Recently the religious right has walked itself into a scientific corner by revealing how much evolution they are forced to accept.This is a shock to their flocks who dont have the time or capacity to fully understand the "Thinness " of their arguments. Most Evangelicals merely cut and paste and hope something sticks. WHEN THEIR OWN GURUS start dicing the data to accept that evolution ( maybe a little more tha n mere "micro adaptation") is the accurate model and creation is in need of major modifications. ALl this is done by their own folks and is preached to themselves.

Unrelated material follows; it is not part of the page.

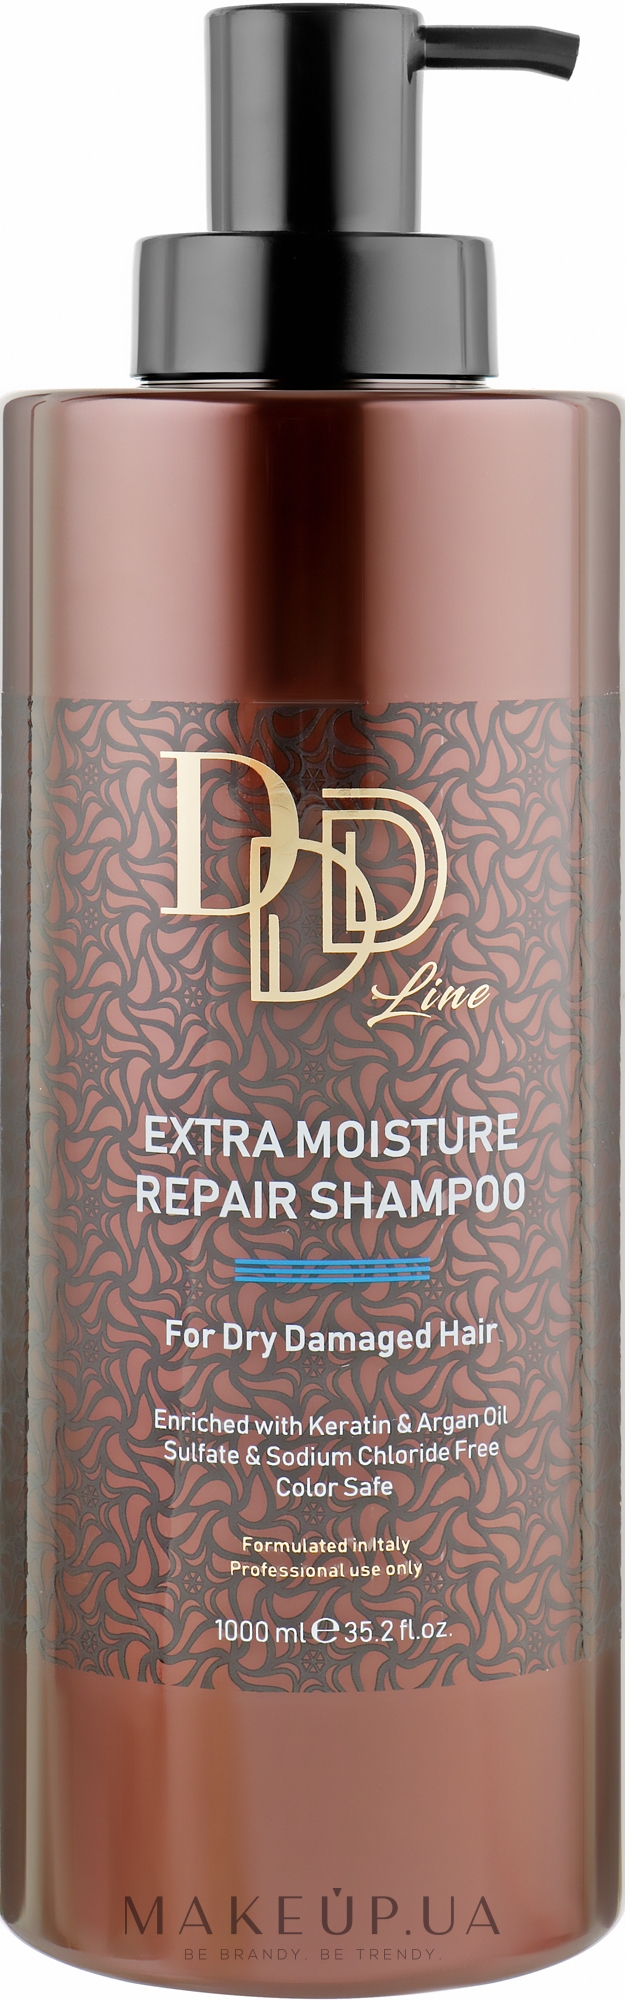 Увлажняющий шампунь для восстановления волос - Clever Hair Cosmetics 3D Line Extra Moisture Repair Shampoo — фото 1000ml
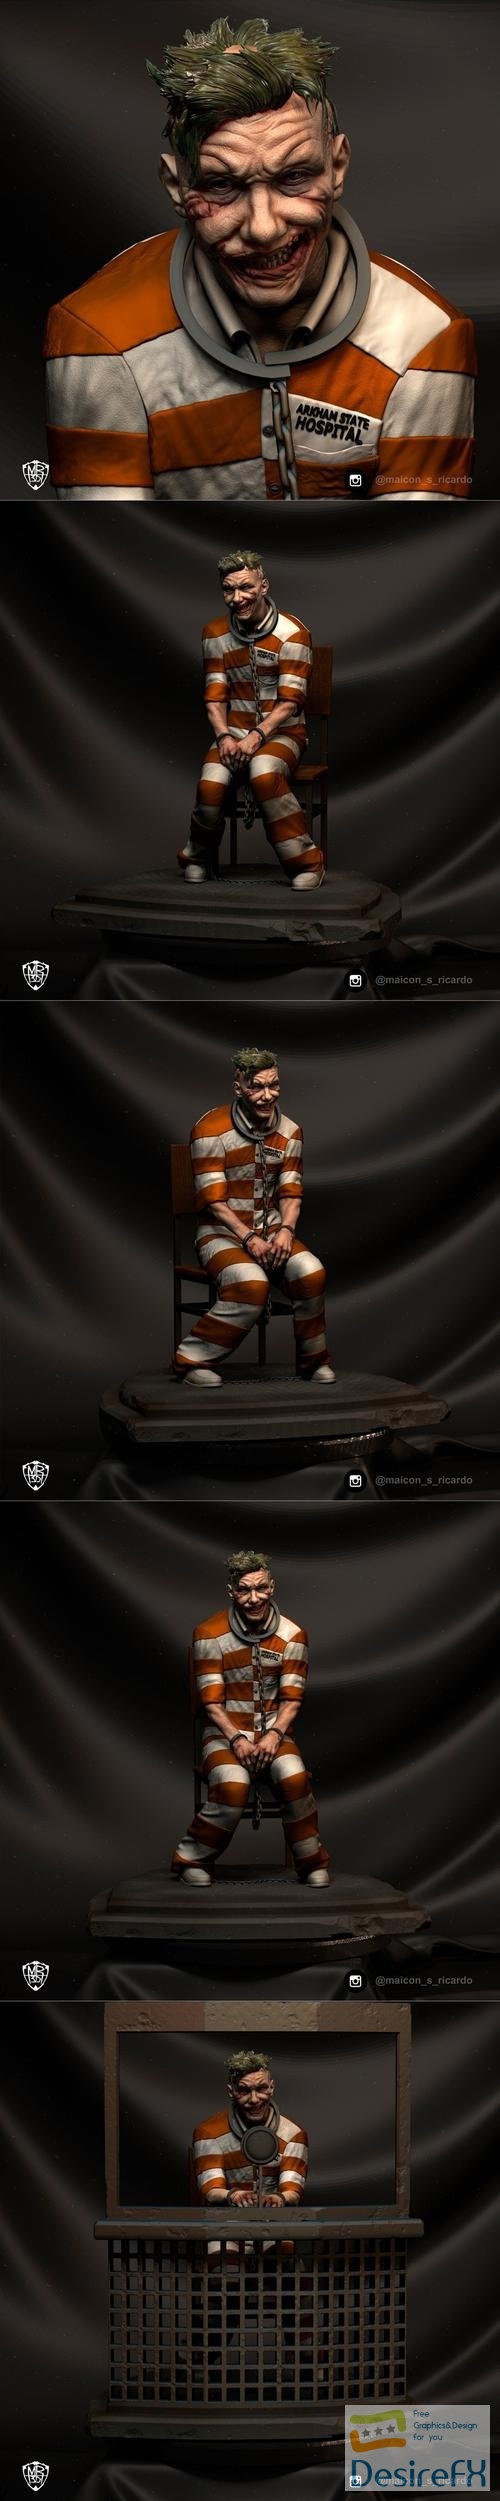 Joker Barry Keoghan fan art – 3D Print

SCience didnt have to do anything.
0 Replies
 
farmerman
 
  1  
Reply Sat 4 Jul, 2009 08:43 am
@fresco,
Quote:
Dawkins appears to classify all such experiences as "delusional" thereby assuming that a particular view of reality is a standard against which "delusion" can be measured.
Now youre talking at my level of understanding
0 Replies
 
fresco
 
  1  
Reply Sat 4 Jul, 2009 08:50 am
@Thomas,
"Evidence in this 2005 article".
http://www.albertmohler.com/commentary_read.php?cdate=2005-09-09
ebrown p
 
  1  
Reply Sat 4 Jul, 2009 09:09 am
I agree with Farmerman.

There has long been a debate about whether Atheism is a religion or not.

Dawkin's, with his judgmental attacks on other religions and arguments positing a universal truth that is beyond science, proves without question that it is.

Dawkins is more than religious in his Atheism. He is a fundamentalist.

((I think he damages both religion and science.))

farmerman
 
  1  
Reply Sat 4 Jul, 2009 09:11 am
@ebrown p,
Yep, the argument gets more difficult to carry out when, in public, someone is always quoting the most simplistic of DAwkins quotes. DAwkins gave up his cred as a "Scientist" three decades ago. Hes a Fundamentalist Huckster as E brown has said.